■ WHAT NEEDS TO BE DONE:
Some of the lines below need repeating. Reproduce exactly those between the lines holding "STATI UNITI Il" and "7天入門網絡編程 - 11.使用", inclusive.

■ MATERIAL TO PROCESS:
----
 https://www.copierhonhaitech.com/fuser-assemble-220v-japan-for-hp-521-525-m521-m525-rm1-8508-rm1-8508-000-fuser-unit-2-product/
----
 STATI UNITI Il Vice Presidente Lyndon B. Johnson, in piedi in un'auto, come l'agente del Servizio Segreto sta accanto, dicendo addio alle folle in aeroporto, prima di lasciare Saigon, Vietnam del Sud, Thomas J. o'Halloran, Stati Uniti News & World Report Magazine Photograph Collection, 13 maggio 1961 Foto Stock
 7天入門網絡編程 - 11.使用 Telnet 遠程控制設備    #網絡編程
----
■ ANSWER SPACE:
 STATI UNITI Il Vice Presidente Lyndon B. Johnson, in piedi in un'auto, come l'agente del Servizio Segreto sta accanto, dicendo addio alle folle in aeroporto, prima di lasciare Saigon, Vietnam del Sud, Thomas J. o'Halloran, Stati Uniti News & World Report Magazine Photograph Collection, 13 maggio 1961 Foto Stock
 7天入門網絡編程 - 11.使用 Telnet 遠程控制設備    #網絡編程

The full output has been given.